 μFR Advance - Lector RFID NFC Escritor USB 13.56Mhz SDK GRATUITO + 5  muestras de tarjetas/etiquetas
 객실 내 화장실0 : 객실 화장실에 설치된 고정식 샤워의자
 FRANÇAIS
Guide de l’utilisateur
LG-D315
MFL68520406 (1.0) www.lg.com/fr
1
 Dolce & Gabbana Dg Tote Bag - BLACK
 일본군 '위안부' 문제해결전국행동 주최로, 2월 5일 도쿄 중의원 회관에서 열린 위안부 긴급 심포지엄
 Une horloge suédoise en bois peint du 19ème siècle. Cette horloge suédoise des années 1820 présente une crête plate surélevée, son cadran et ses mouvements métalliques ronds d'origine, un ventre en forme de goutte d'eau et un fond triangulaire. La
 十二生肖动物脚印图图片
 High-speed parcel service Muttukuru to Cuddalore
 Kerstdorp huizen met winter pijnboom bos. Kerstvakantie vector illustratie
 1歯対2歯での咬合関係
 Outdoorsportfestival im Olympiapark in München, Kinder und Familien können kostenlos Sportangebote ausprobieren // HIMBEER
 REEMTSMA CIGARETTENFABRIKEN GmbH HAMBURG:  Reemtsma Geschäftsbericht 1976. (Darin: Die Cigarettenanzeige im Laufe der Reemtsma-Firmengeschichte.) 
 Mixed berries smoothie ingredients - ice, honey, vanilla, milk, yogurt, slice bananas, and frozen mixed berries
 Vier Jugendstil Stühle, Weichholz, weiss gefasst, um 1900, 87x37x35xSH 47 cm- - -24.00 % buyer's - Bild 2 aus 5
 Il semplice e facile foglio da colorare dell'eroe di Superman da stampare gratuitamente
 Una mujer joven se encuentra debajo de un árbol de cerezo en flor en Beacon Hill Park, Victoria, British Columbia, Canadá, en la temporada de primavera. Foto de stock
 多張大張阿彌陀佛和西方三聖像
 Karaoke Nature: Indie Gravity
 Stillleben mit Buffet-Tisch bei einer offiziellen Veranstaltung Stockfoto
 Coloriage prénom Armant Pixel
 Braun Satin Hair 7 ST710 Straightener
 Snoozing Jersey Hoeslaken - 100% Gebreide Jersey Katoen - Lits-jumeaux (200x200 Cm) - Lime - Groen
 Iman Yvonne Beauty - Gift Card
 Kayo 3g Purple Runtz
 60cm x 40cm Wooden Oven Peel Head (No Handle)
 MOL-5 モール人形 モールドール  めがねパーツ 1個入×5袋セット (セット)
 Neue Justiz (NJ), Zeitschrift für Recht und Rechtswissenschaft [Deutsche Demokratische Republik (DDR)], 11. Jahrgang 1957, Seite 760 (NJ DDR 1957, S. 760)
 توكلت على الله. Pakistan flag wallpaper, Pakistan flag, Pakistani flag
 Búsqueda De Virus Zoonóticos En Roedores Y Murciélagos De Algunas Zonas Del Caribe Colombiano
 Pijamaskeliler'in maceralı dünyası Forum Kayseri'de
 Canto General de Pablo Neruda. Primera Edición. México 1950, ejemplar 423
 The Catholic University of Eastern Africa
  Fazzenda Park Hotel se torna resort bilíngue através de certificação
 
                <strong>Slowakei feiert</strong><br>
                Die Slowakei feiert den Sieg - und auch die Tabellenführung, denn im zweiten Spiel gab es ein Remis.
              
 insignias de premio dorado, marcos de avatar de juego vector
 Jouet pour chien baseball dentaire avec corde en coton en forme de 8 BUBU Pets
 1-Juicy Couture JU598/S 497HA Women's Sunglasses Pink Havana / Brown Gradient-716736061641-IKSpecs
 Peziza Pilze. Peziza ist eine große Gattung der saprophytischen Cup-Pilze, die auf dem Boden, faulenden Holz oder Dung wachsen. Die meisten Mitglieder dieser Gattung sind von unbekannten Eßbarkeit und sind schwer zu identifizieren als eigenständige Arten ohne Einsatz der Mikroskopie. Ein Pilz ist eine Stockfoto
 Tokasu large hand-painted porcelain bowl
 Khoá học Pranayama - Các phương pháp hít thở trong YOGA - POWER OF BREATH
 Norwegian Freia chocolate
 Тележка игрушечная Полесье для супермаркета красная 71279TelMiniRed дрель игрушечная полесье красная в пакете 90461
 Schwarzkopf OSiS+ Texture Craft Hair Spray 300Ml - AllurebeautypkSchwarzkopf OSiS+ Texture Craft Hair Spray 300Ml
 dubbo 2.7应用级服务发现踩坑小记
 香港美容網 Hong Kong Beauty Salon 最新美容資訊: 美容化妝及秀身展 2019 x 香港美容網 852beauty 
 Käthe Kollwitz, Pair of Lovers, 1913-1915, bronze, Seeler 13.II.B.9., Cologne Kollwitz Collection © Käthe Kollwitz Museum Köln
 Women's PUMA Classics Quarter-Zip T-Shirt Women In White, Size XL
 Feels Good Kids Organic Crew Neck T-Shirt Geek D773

****************************************

- **PROBLEM DESCRIPTION**
Nothing above should be left out; write out every record exactly.

- **OUTPUT**
 μFR Advance - Lector RFID NFC Escritor USB 13.56Mhz SDK GRATUITO + 5  muestras de tarjetas/etiquetas
 객실 내 화장실0 : 객실 화장실에 설치된 고정식 샤워의자
 FRANÇAIS
Guide de l’utilisateur
LG-D315
MFL68520406 (1.0) www.lg.com/fr
1
 Dolce & Gabbana Dg Tote Bag - BLACK
 일본군 '위안부' 문제해결전국행동 주최로, 2월 5일 도쿄 중의원 회관에서 열린 위안부 긴급 심포지엄
 Une horloge suédoise en bois peint du 19ème siècle. Cette horloge suédoise des années 1820 présente une crête plate surélevée, son cadran et ses mouvements métalliques ronds d'origine, un ventre en forme de goutte d'eau et un fond triangulaire. La
 十二生肖动物脚印图图片
 High-speed parcel service Muttukuru to Cuddalore
 Kerstdorp huizen met winter pijnboom bos. Kerstvakantie vector illustratie
 1歯対2歯での咬合関係
 Outdoorsportfestival im Olympiapark in München, Kinder und Familien können kostenlos Sportangebote ausprobieren // HIMBEER
 REEMTSMA CIGARETTENFABRIKEN GmbH HAMBURG:  Reemtsma Geschäftsbericht 1976. (Darin: Die Cigarettenanzeige im Laufe der Reemtsma-Firmengeschichte.) 
 Mixed berries smoothie ingredients - ice, honey, vanilla, milk, yogurt, slice bananas, and frozen mixed berries
 Vier Jugendstil Stühle, Weichholz, weiss gefasst, um 1900, 87x37x35xSH 47 cm- - -24.00 % buyer's - Bild 2 aus 5
 Il semplice e facile foglio da colorare dell'eroe di Superman da stampare gratuitamente
 Una mujer joven se encuentra debajo de un árbol de cerezo en flor en Beacon Hill Park, Victoria, British Columbia, Canadá, en la temporada de primavera. Foto de stock
 多張大張阿彌陀佛和西方三聖像
 Karaoke Nature: Indie Gravity
 Stillleben mit Buffet-Tisch bei einer offiziellen Veranstaltung Stockfoto
 Coloriage prénom Armant Pixel
 Braun Satin Hair 7 ST710 Straightener
 Snoozing Jersey Hoeslaken - 100% Gebreide Jersey Katoen - Lits-jumeaux (200x200 Cm) - Lime - Groen
 Iman Yvonne Beauty - Gift Card
 Kayo 3g Purple Runtz
 60cm x 40cm Wooden Oven Peel Head (No Handle)
 MOL-5 モール人形 モールドール  めがねパーツ 1個入×5袋セット (セット)
 Neue Justiz (NJ), Zeitschrift für Recht und Rechtswissenschaft [Deutsche Demokratische Republik (DDR)], 11. Jahrgang 1957, Seite 760 (NJ DDR 1957, S. 760)
 توكلت على الله. Pakistan flag wallpaper, Pakistan flag, Pakistani flag
 Búsqueda De Virus Zoonóticos En Roedores Y Murciélagos De Algunas Zonas Del Caribe Colombiano
 Pijamaskeliler'in maceralı dünyası Forum Kayseri'de
 Canto General de Pablo Neruda. Primera Edición. México 1950, ejemplar 423
 The Catholic University of Eastern Africa
  Fazzenda Park Hotel se torna resort bilíngue através de certificação
 
                <strong>Slowakei feiert</strong><br>
                Die Slowakei feiert den Sieg - und auch die Tabellenführung, denn im zweiten Spiel gab es ein Remis.
              
 insignias de premio dorado, marcos de avatar de juego vector
 Jouet pour chien baseball dentaire avec corde en coton en forme de 8 BUBU Pets
 1-Juicy Couture JU598/S 497HA Women's Sunglasses Pink Havana / Brown Gradient-716736061641-IKSpecs
 Peziza Pilze. Peziza ist eine große Gattung der saprophytischen Cup-Pilze, die auf dem Boden, faulenden Holz oder Dung wachsen. Die meisten Mitglieder dieser Gattung sind von unbekannten Eßbarkeit und sind schwer zu identifizieren als eigenständige Arten ohne Einsatz der Mikroskopie. Ein Pilz ist eine Stockfoto
 Tokasu large hand-painted porcelain bowl
 Khoá học Pranayama - Các phương pháp hít thở trong YOGA - POWER OF BREATH
 Norwegian Freia chocolate
 Тележка игрушечная Полесье для супермаркета красная 71279TelMiniRed дрель игрушечная полесье красная в пакете 90461
 Schwarzkopf OSiS+ Texture Craft Hair Spray 300Ml - AllurebeautypkSchwarzkopf OSiS+ Texture Craft Hair Spray 300Ml
 dubbo 2.7应用级服务发现踩坑小记
 香港美容網 Hong Kong Beauty Salon 最新美容資訊: 美容化妝及秀身展 2019 x 香港美容網 852beauty 
 Käthe Kollwitz, Pair of Lovers, 1913-1915, bronze, Seeler 13.II.B.9., Cologne Kollwitz Collection © Käthe Kollwitz Museum Köln
 Women's PUMA Classics Quarter-Zip T-Shirt Women In White, Size XL
 Feels Good Kids Organic Crew Neck T-Shirt Geek D773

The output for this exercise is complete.